Una vez que tuve la información deseada (Sonsoles no era la madre de la niña) me deshice de aquella mujer como pude, emplazándola para el lunes siguiente a una cita a la que no acudiría nadie y que supuse que sólo tendría como consecuencia que se cabreara con el colegio que tan caro pagaba don Armando. La fatalidad está hecha a veces de imprevisiones estúpidas.

Las niñas salieron a la doce y media y Rosana, junto con algunas compañeras, tomó un autobús. Fui por el coche y seguí el autobús hasta la casa de Sonsoles. Rosana bajó con otra niña también rubia, aunque algo desteñida. Oí cómo quedaban para un cuarto de hora más tarde y aparqué por allí cerca.

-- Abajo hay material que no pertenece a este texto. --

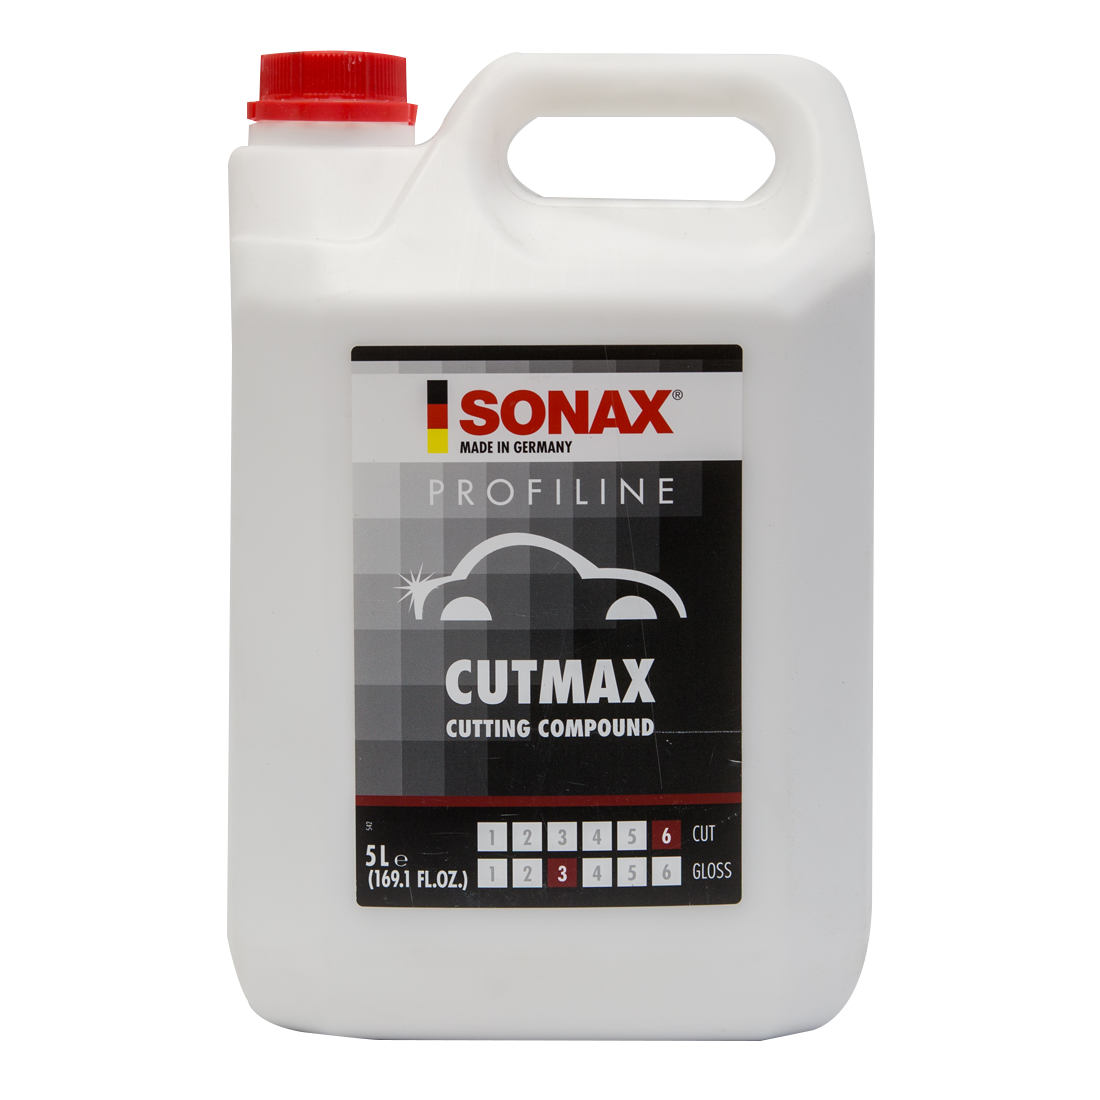 SONAX Profiline CutMax 06-03 5L - Rotary

Quince minutos después las dos niñas se reunían y echaban a andar hacia el parque. Una vez dentro, buscaron un quiosco de helados y compraron un par de cucuruchos. Subieron hacia el estanque y lo rodearon por la parte septentrional. Se sentaron en un banco cerca de la estatua de Ramón y Cajal a terminarse el helado. Mientras estaban allí, la otra miraba a Rosana y Rosana miraba al frente. Rosana estaba seria y hablaba; la otra no hablaba y de vez en cuando soltaba una risita. Yo estaba al otro lado del paseo y con el ruido de la gente no podía oírlas. A los pocos minutos se les unió otra niña. Había bajado del autobús escolar en una parada anterior de su recorrido.